Remote health monitoring and diagnosis in the time of COVID-19
- URL: http://arxiv.org/abs/2005.08537v5
- Date: Thu, 15 Oct 2020 17:31:04 GMT
- Title: Remote health monitoring and diagnosis in the time of COVID-19
- Authors: Joachim A. Behar, Chengyu Liu, Kevin Kotzen, Kenta Tsutsui, Valentina
D.A. Corino, Janmajay Singh, Marco A.F. Pimentel, Philip Warrick, Sebastian
Zaunseder, Fernando Andreotti, David Sebag, Georgy Popanitsa, Patrick E.
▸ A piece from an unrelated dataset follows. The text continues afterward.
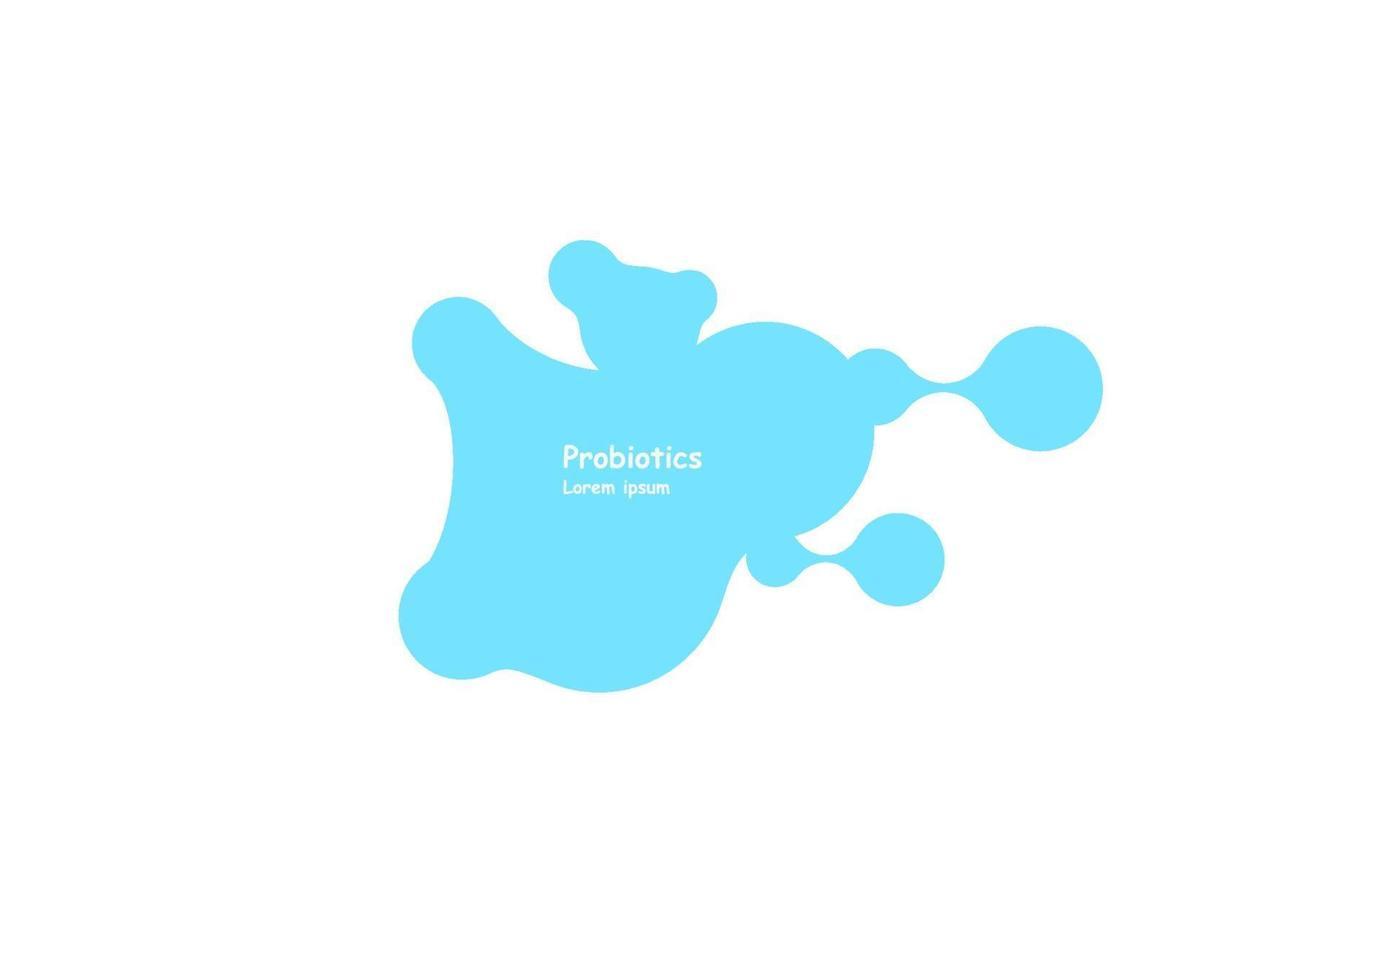 Probiotika Bakterien Vektor Design. Probiotika Bakterien Vektor Design. Konzept des Designs mit probiotischen Bakterien von Lactobacillus. Schablonendesign mit präbiotischer Zutat für gesunde Ernährung

McSharry, Walter Karlen, Chandan Karmakar and Gari D. Clifford
- Abstract summary: Coronavirus disease (COVID-19) is caused by the severe acute respiratory syndrome coronavirus 2 (SARS-CoV-2)
Pandemic has driven incentives to innovate and enhance or create new routes for providing healthcare services at distance.
- Score: 51.01158603315544
- License: http://arxiv.org/licenses/nonexclusive-distrib/1.0/
- Abstract: Coronavirus disease (COVID-19) is caused by the severe acute respiratory
syndrome coronavirus 2 (SARS-CoV-2) that is rapidly spreading across the globe.
The clinical spectrum of SARS-CoV-2 pneumonia ranges from mild to critically
ill cases and requires early detection and monitoring, within a clinical
environment for critical cases and remotely for mild cases. The fear of
contamination in clinical environments has led to a dramatic reduction in
on-site referrals for routine care. There has also been a perceived need to
continuously monitor non-severe COVID- 19 patients, either from their
quarantine site at home, or dedicated quarantine locations (e.g., hotels).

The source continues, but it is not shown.